Migration
Migrate Kafka data between clusters, versions, or cloud providers using OSO Kafka Backup.
Migration Scenarios
| Scenario | Example |
|---|---|
| Version upgrade | Kafka 2.x → Kafka 3.x |
| Cloud migration | On-premises → AWS MSK |
| Provider switch | AWS MSK → Confluent Cloud |
| Region migration | us-east-1 → eu-west-1 |
| Environment cloning | Production → Staging |
| Cluster consolidation | Multiple clusters → One |
Why Use Backup for Migration?
vs.
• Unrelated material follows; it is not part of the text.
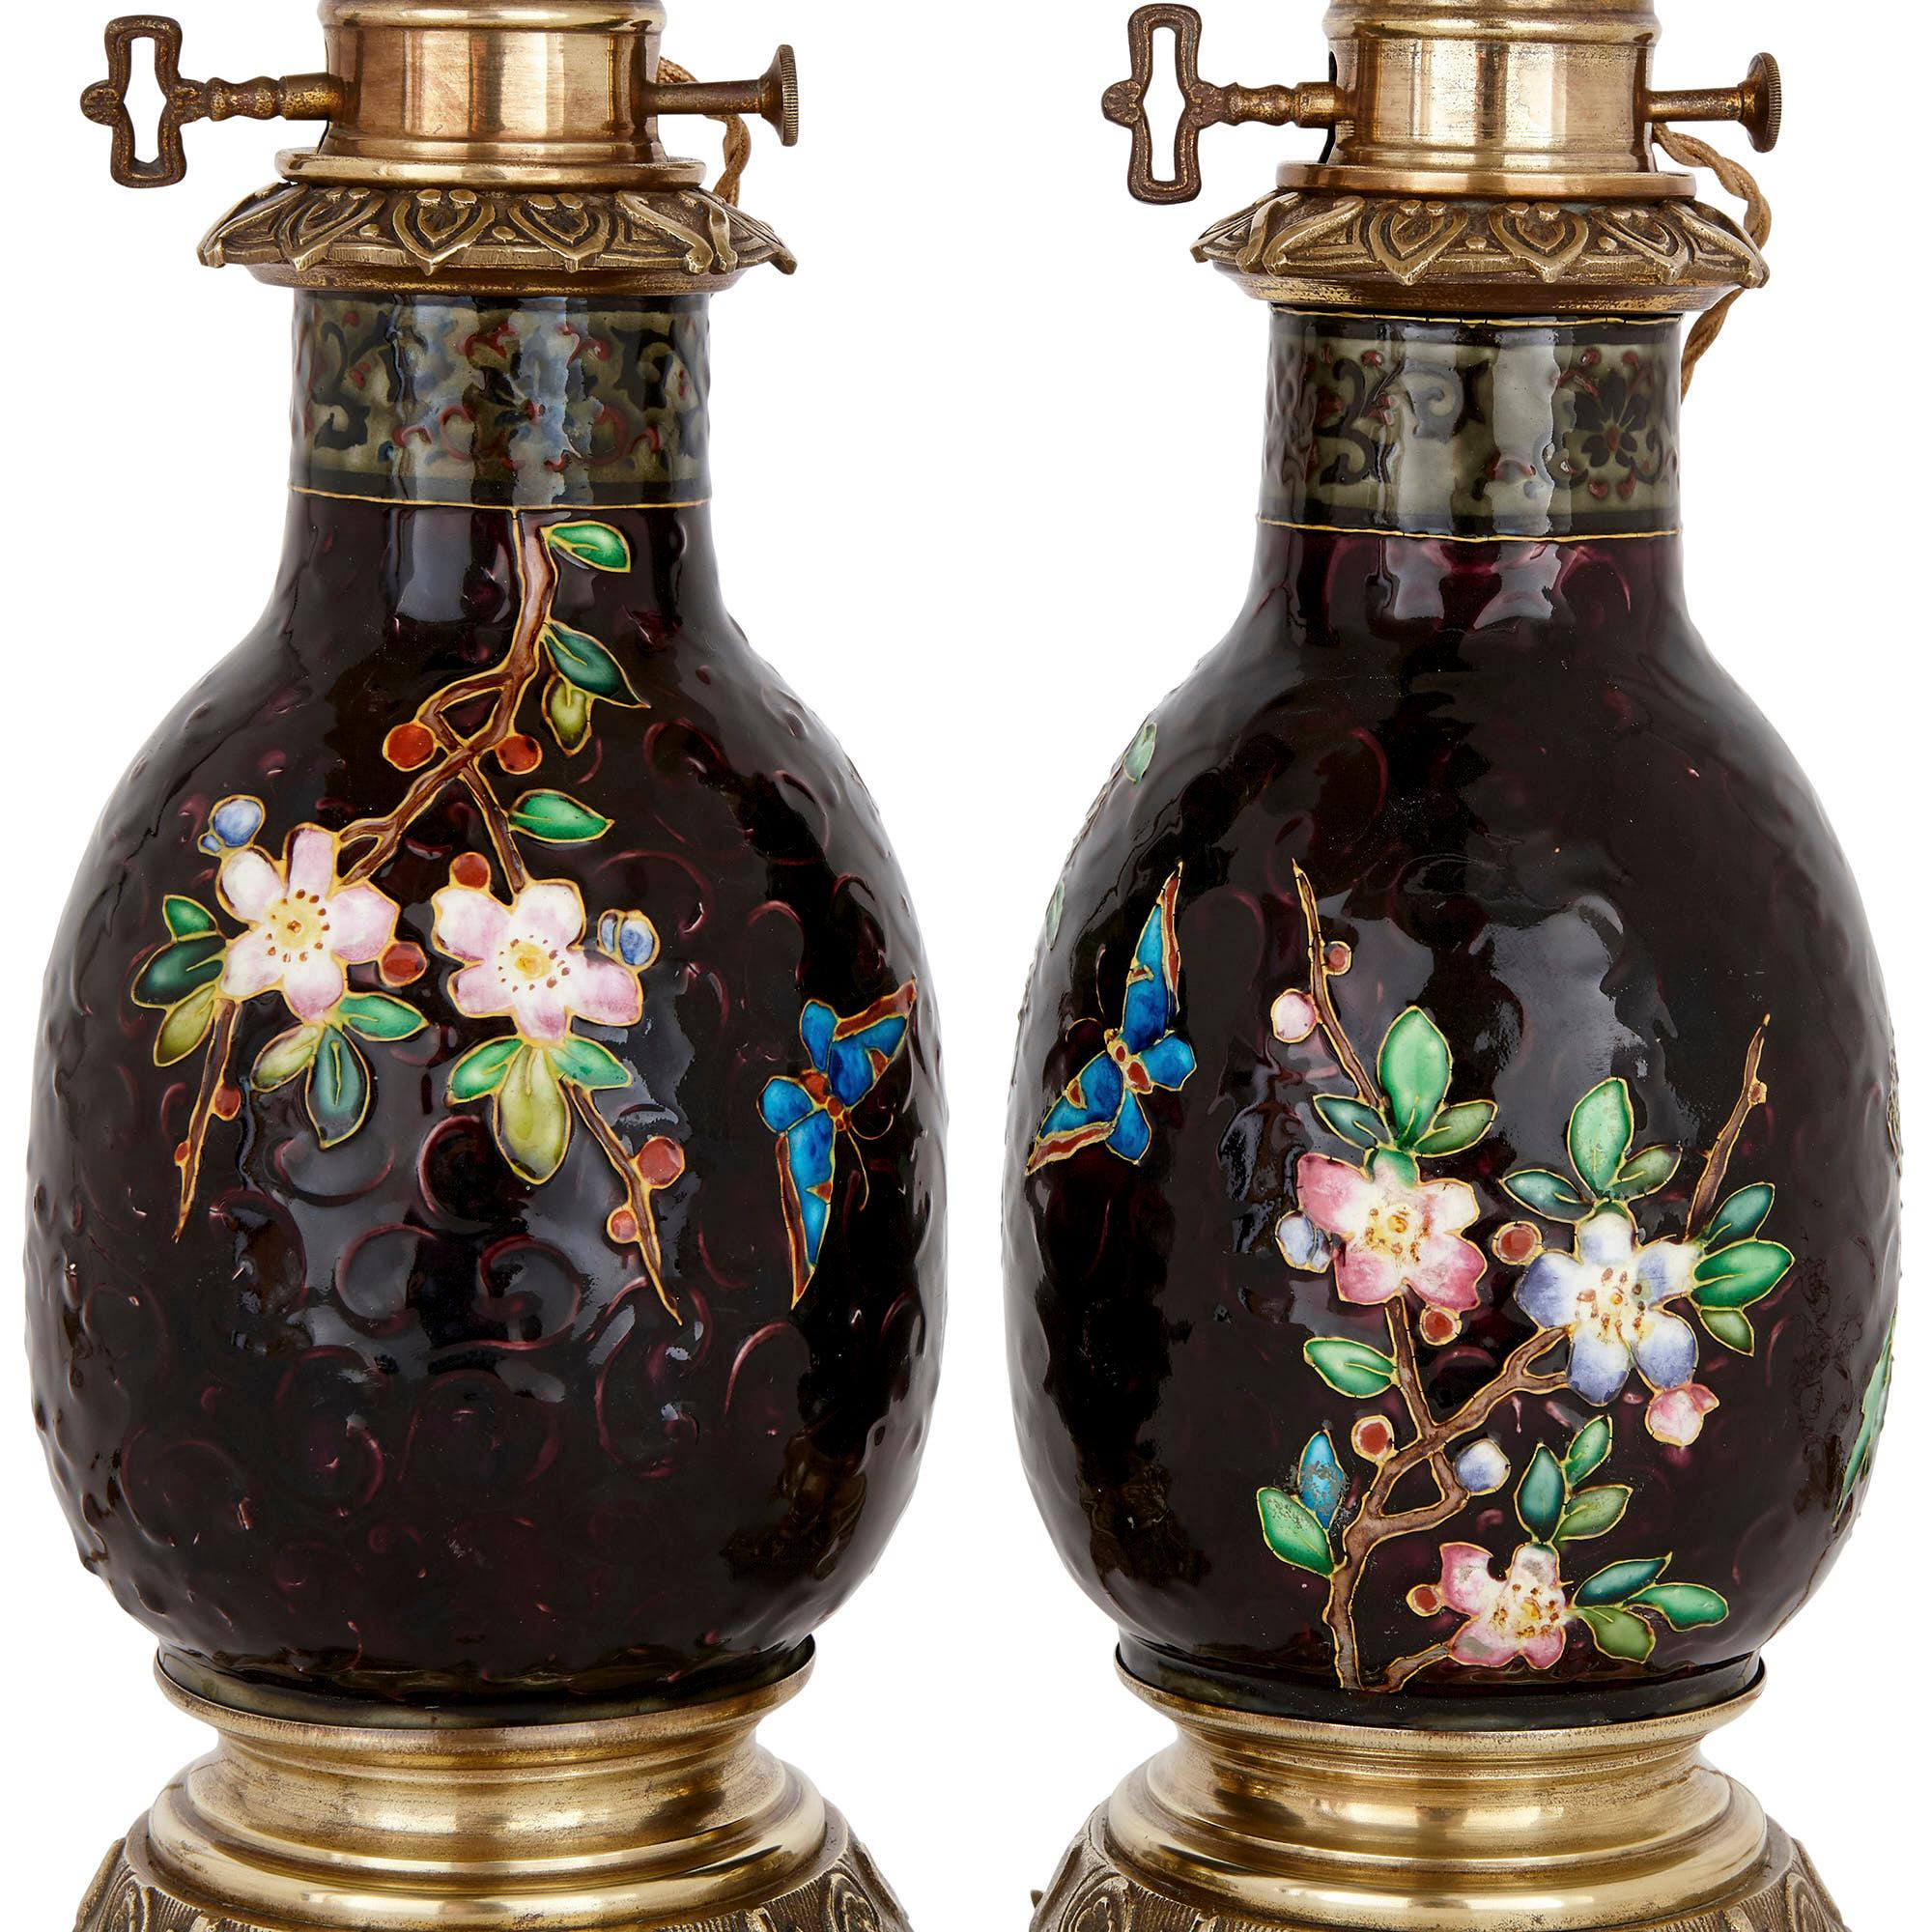 These wonderful oil lamps have been attributed to the prestigious ceramic company, Viellard & Cie. The firm was established in 1845 in Bordeaux, France. It was directed by Jules Vielliard in partnership with his two sons, Albert and Charles. These

MirrorMaker
| Feature | MirrorMaker | Kafka Backup |
|---|---|---|
| Live sync | Yes | No |
| PITR | No | Yes |
| Data transformation | Limited | Plugin support |
| Topic remapping | Yes | Yes |
| Offset preservation | Complex | Built-in |
| Network requirement | Continuous | One-time |
Choose Kafka Backup when:
- Clusters can't communicate directly
- You need data transformation during migration
- You want to select specific time ranges
- Minimizing cross-region bandwidth is important
Migration Process
Step 1: Assess Source Cluster
# List topics
kafka-topics --bootstrap-server source-kafka:9092 --list
# Get topic details
kafka-topics --bootstrap-server source-kafka:9092 --describe
# Check data volume
kafka-log-dirs --bootstrap-server source-kafka:9092 --describe
Step 2: Plan Migration
Consider:
- Total data volume
- Number of topics and partitions
- Consumer groups to migrate
- Acceptable downtime
- Topic naming changes
Step 3: Backup Source Cluster
migration-backup.yaml
mode: backup
backup_id: "migration-$(date +%Y%m%d)"
source:
bootstrap_servers:
- source-kafka-1:9092
- source-kafka-2:9092
topics:
include:
- "*"
exclude:
- "__consumer_offsets"
- "_schemas"
storage:
backend: s3
bucket: kafka-migration
region: us-west-2
prefix: migration/source-cluster
backup:
compression: zstd
include_offset_headers: true
source_cluster_id: "source-cluster"
kafka-backup backup --config migration-backup.yaml
Step 4: Validate Backup
# List backup
kafka-backup list --path s3://kafka-migration/migration/source-cluster
# Describe backup
kafka-backup describe \
--path s3://kafka-migration/migration/source-cluster \
--backup-id "migration-20241203"
# Deep validation
kafka-backup validate \
--path s3://kafka-migration/migration/source-cluster \
--backup-id "migration-20241203" \
--deep
Step 5: Restore to Target Cluster
migration-restore.yaml
mode: restore
backup_id: "migration-20241203"
target:
bootstrap_servers:
- target-kafka-1:9092
- target-kafka-2:9092
security:
security_protocol: SASL_SSL
sasl_mechanism: SCRAM-SHA-256
sasl_username: admin
sasl_password: ${KAFKA_PASSWORD}
storage:
backend: s3
bucket: kafka-migration
region: us-west-2
prefix: migration/source-cluster
restore:
# Optional: Remap topic names
topic_mapping:
old-topic-name: new-topic-name
# Optional: Change partition count
# (must be >= source partitions)
include_original_offset_header: true
consumer_group_strategy: skip
# Validate first
kafka-backup validate-restore --config migration-restore.yaml
# Execute restore
kafka-backup restore --config migration-restore.yaml
Step 6: Migrate Consumer Offsets
# Option 1: Reset to beginning (reprocess all)
kafka-consumer-groups \
--bootstrap-server target-kafka:9092 \
--group my-consumer \
--reset-offsets \
--to-earliest \
--all-topics \
--execute
# Option 2: Use offset mapping from backup
kafka-backup offset-reset execute \
--path s3://kafka-migration/migration/source-cluster \
--backup-id "migration-20241203" \
--groups my-consumer \
--bootstrap-servers target-kafka:9092
# Option 3: Three-phase restore (automated)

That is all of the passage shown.